TASK STATEMENT:
From top to bottom, return the listing exactly as it appears, omitting its images.

DATASET CONTENT:
- Opening Delimiter -

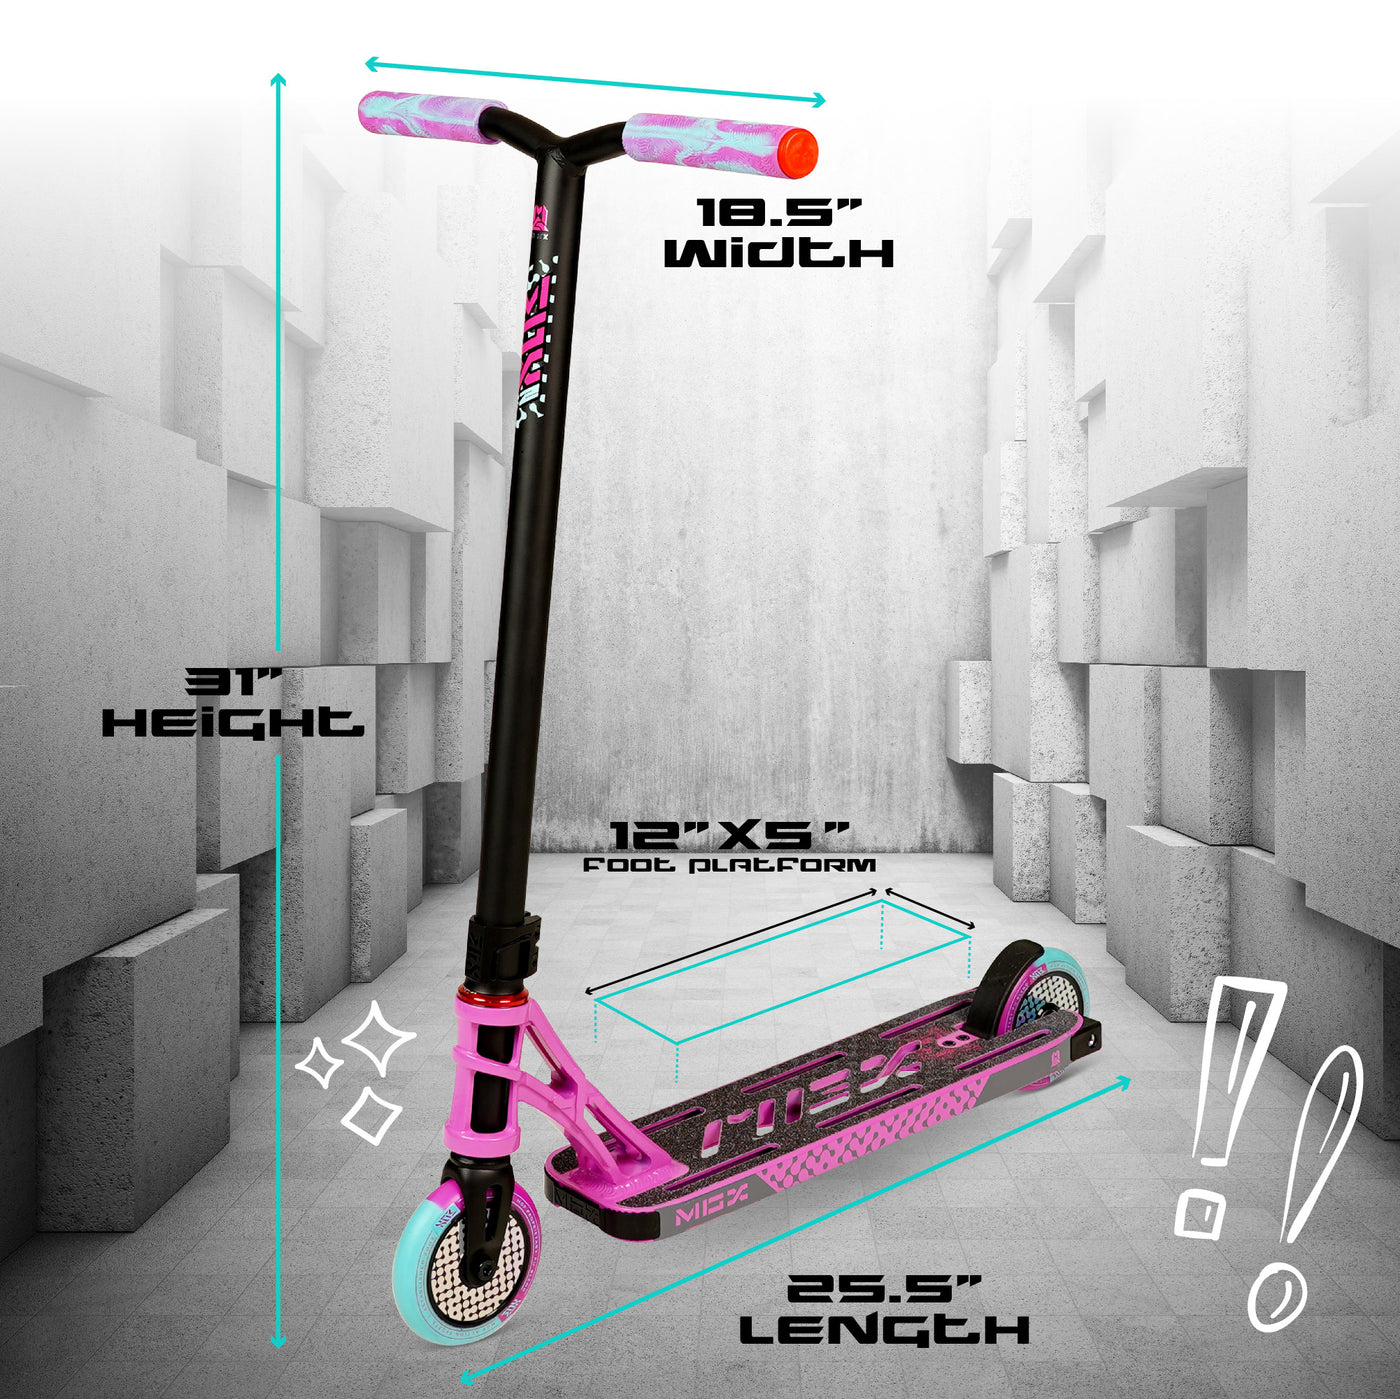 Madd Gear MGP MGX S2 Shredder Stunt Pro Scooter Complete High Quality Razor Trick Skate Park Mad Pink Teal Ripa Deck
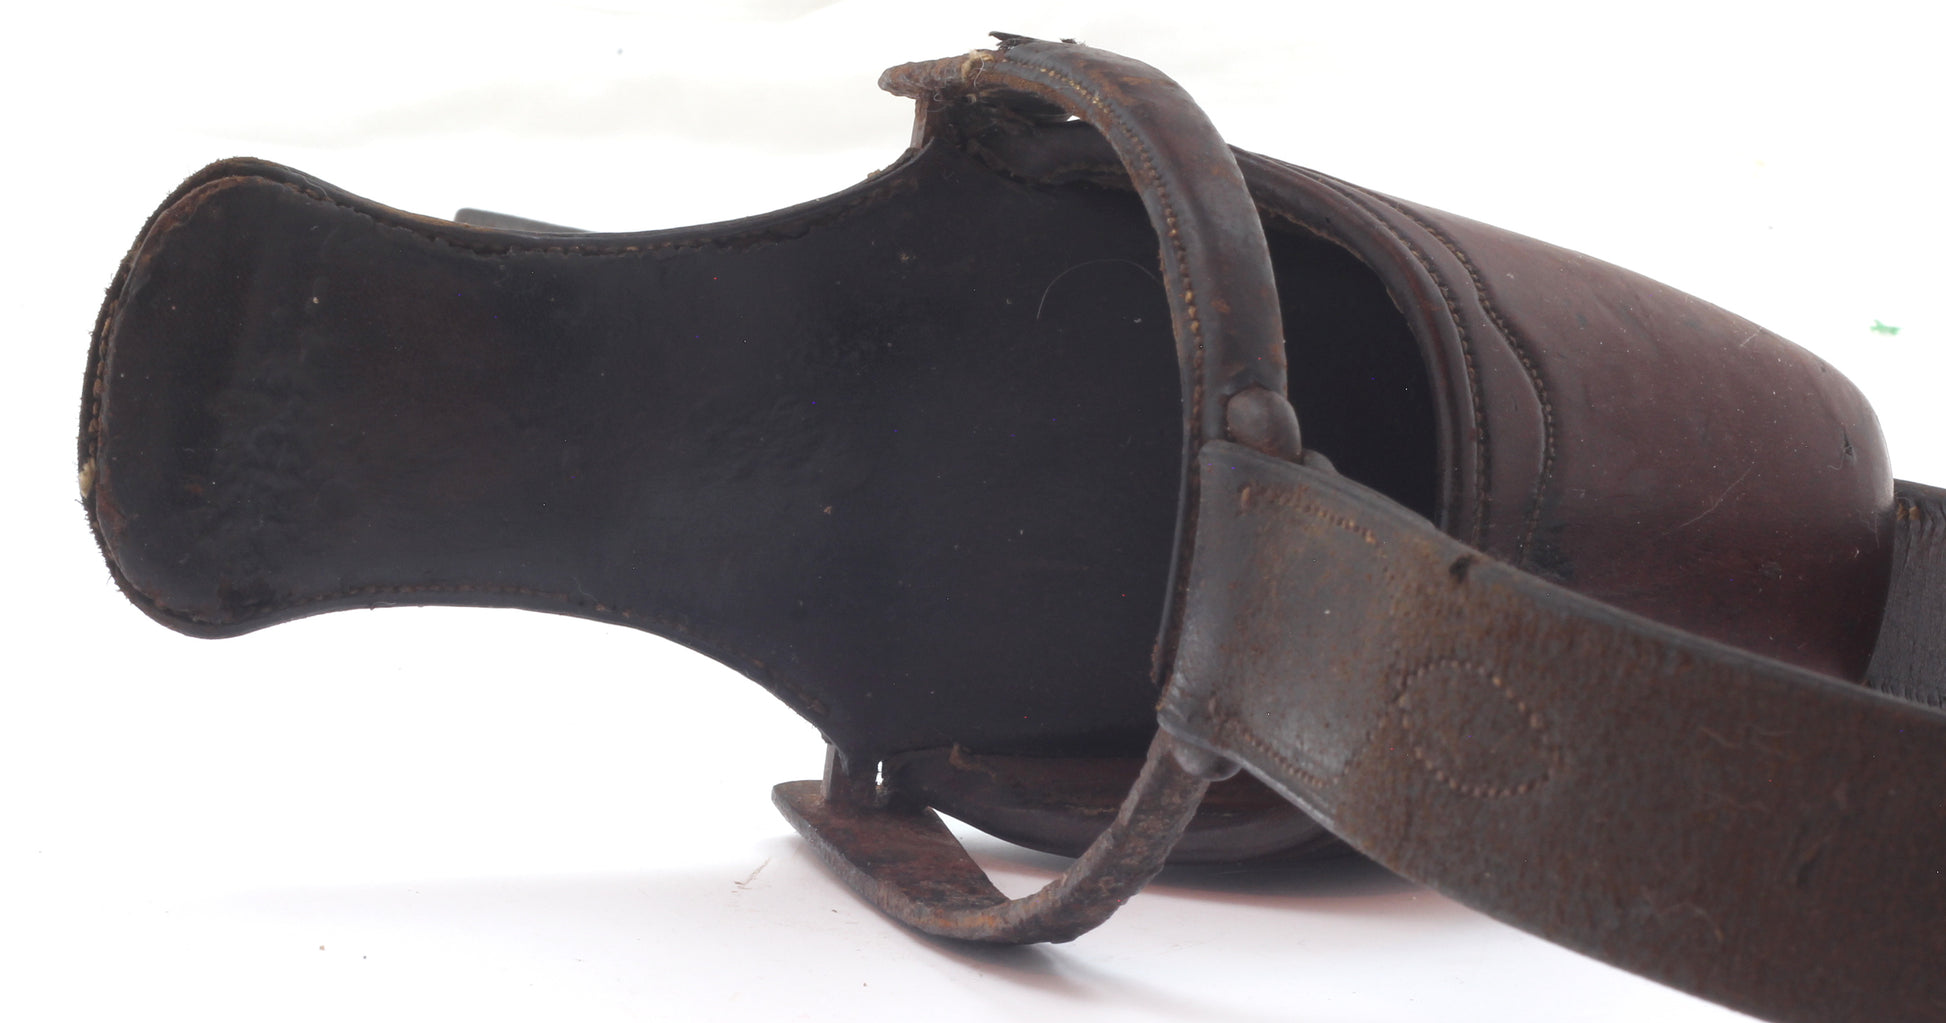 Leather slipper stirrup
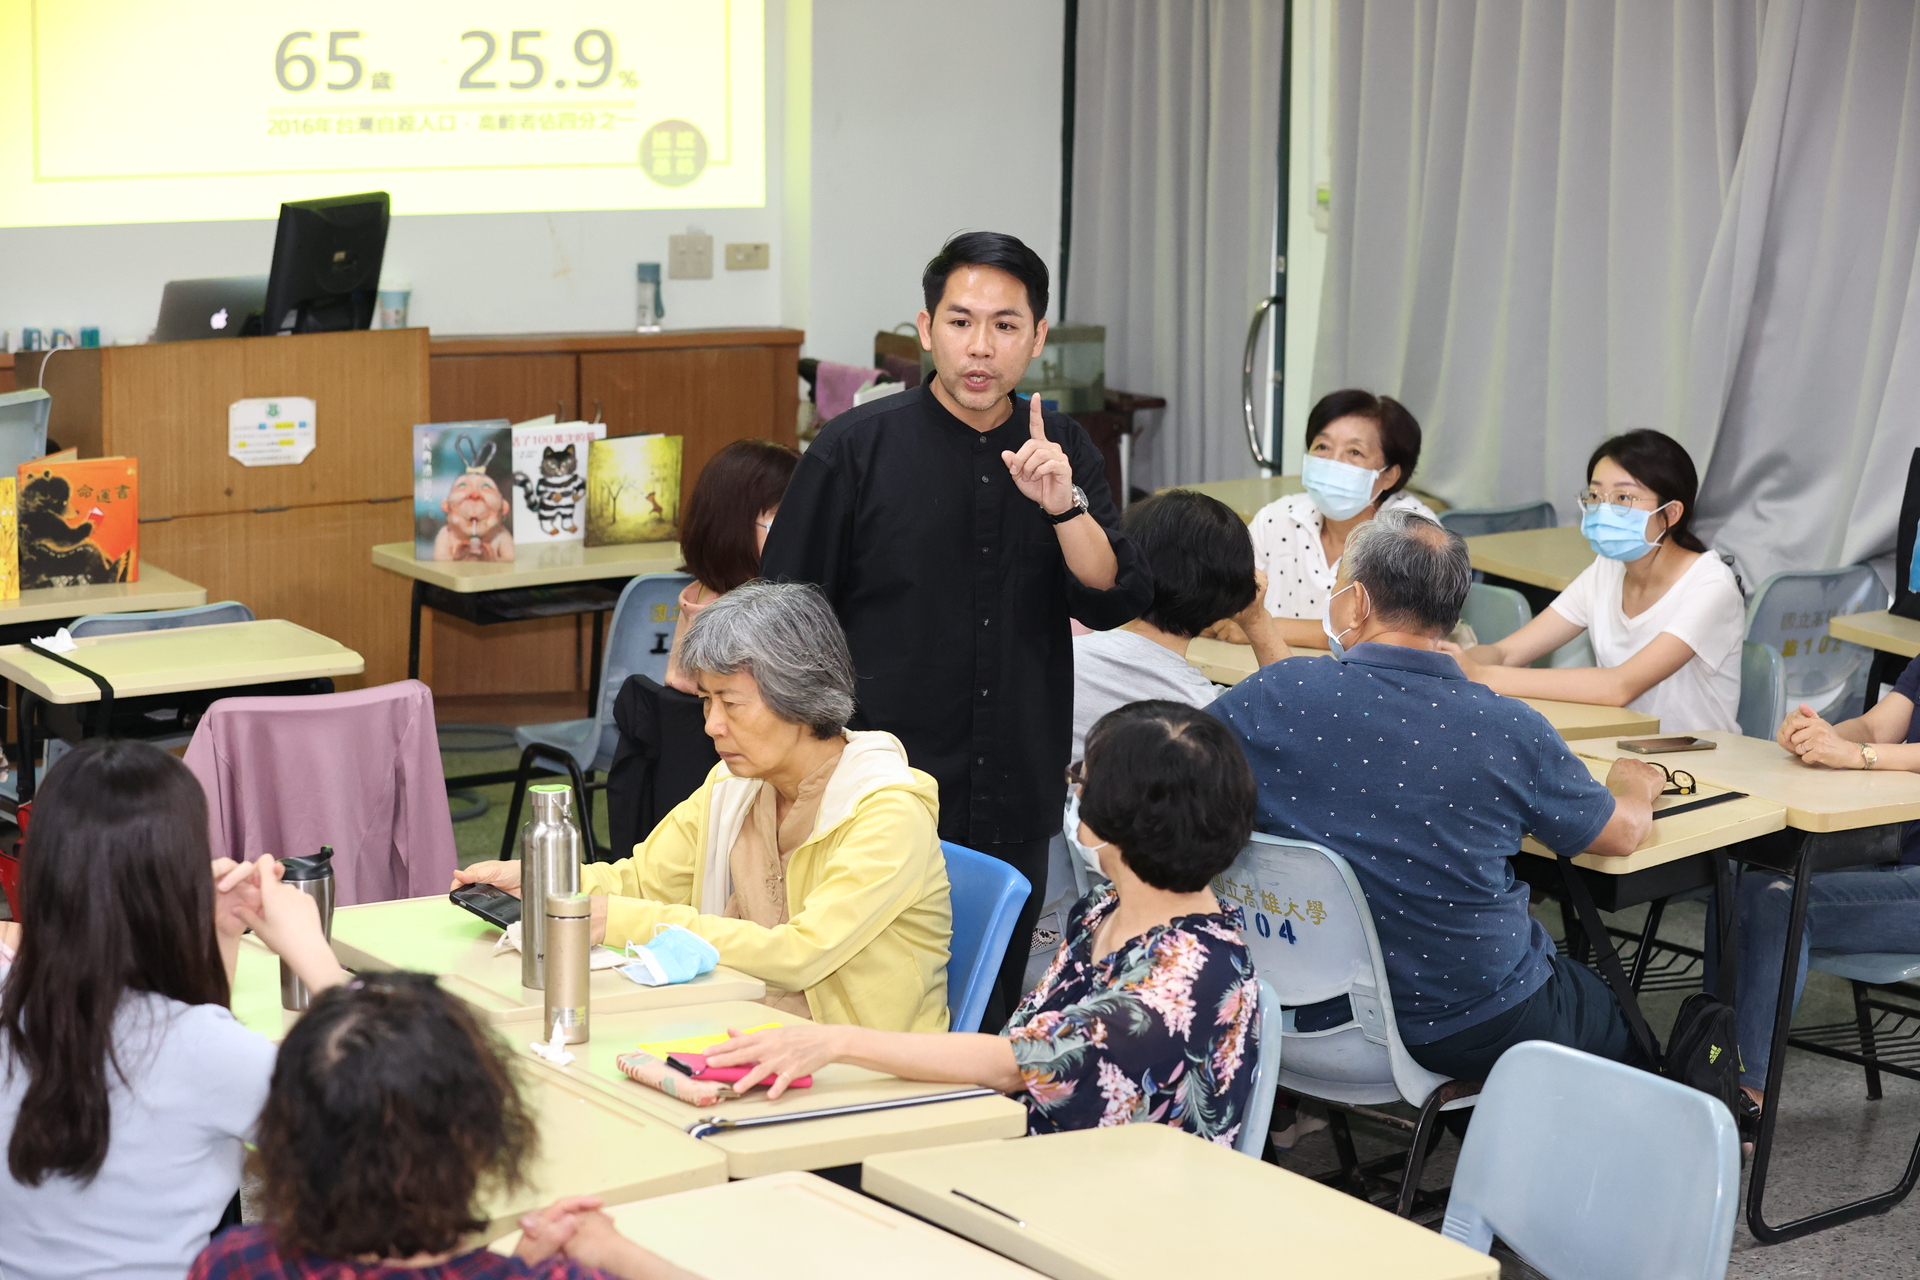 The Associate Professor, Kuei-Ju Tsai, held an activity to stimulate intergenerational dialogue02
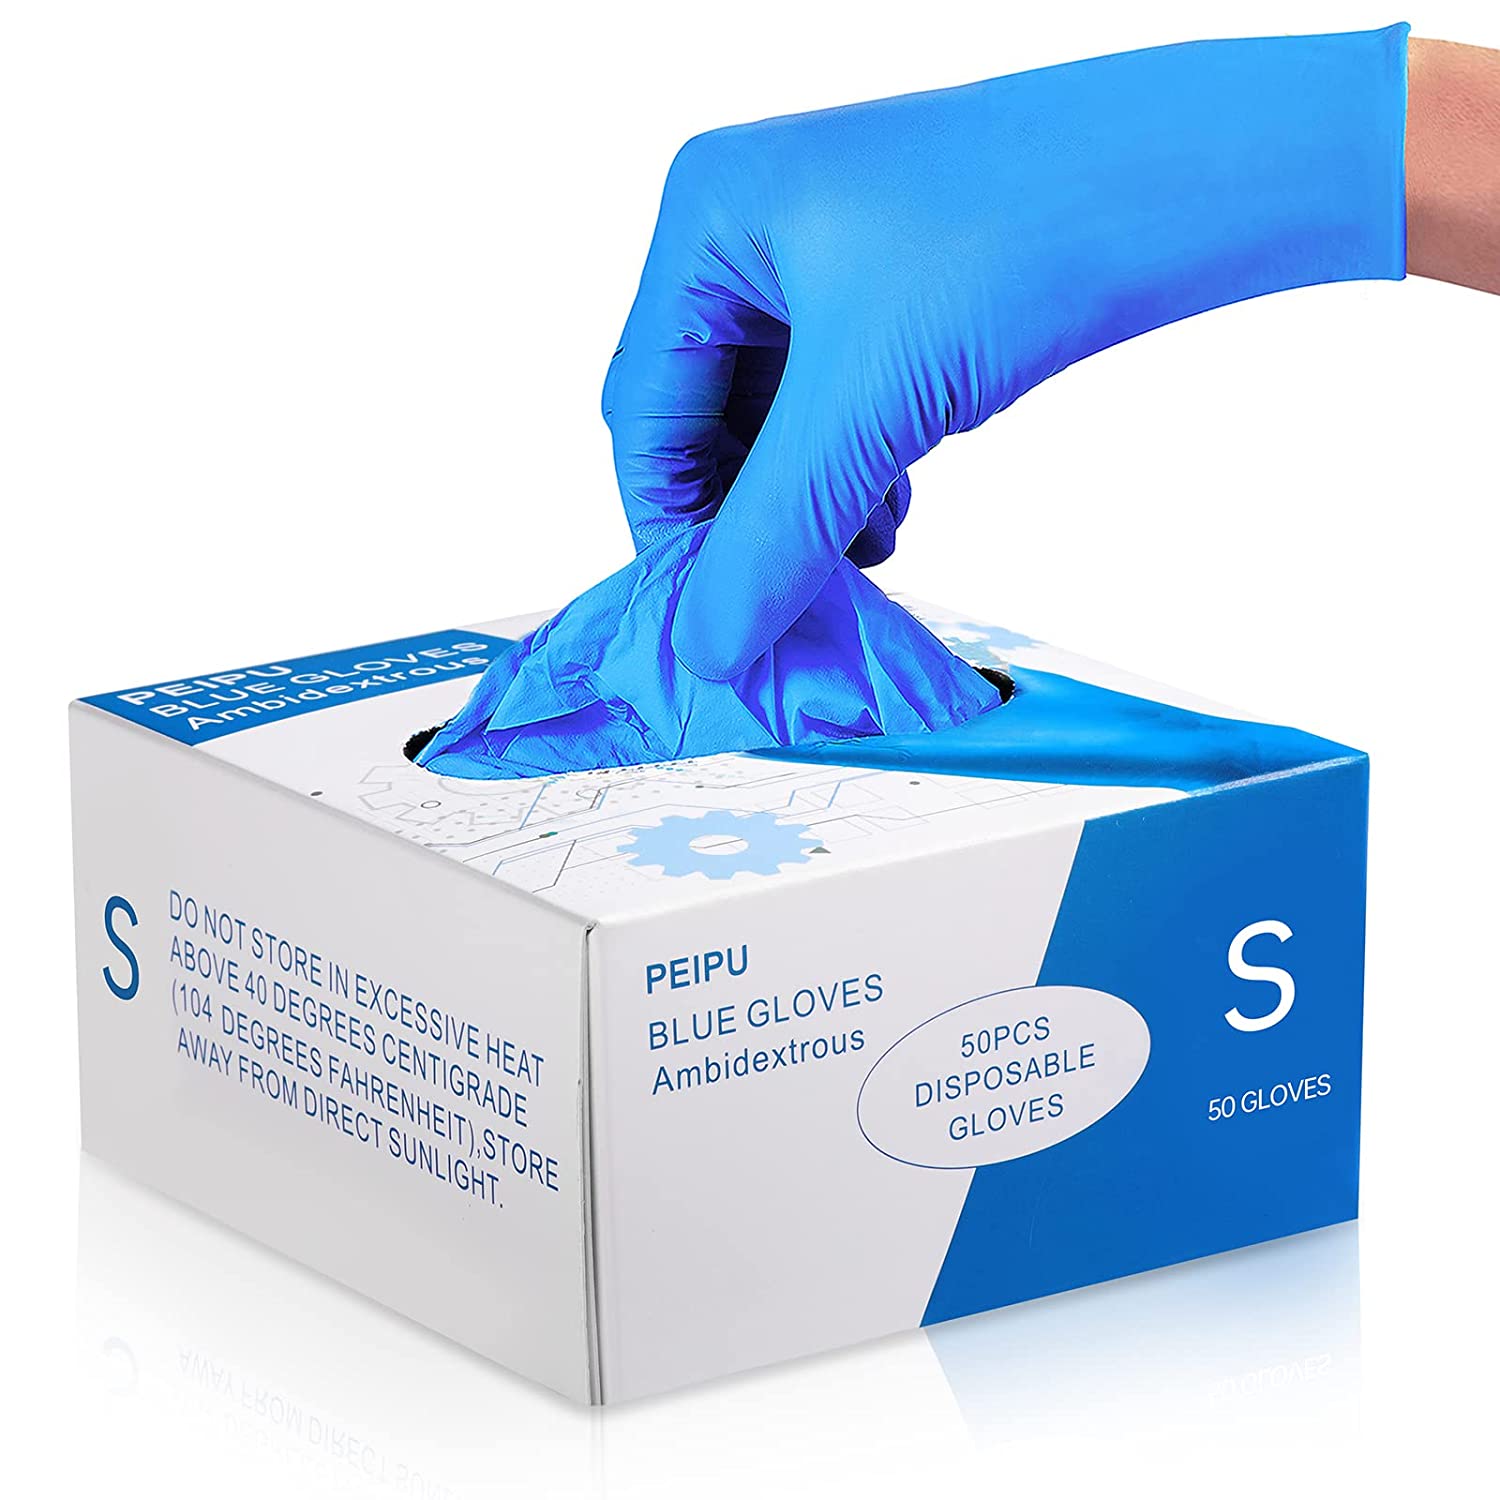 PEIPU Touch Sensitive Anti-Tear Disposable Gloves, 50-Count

- Closing Delimiter -

TASK ANSWER:
 Madd Gear MGP MGX S2 Shredder Stunt Pro Scooter Complete High Quality Razor Trick Skate Park Mad Pink Teal Ripa Deck
 Leather slipper stirrup
 The Associate Professor, Kuei-Ju Tsai, held an activity to stimulate intergenerational dialogue02
 PEIPU Touch Sensitive Anti-Tear Disposable Gloves, 50-Count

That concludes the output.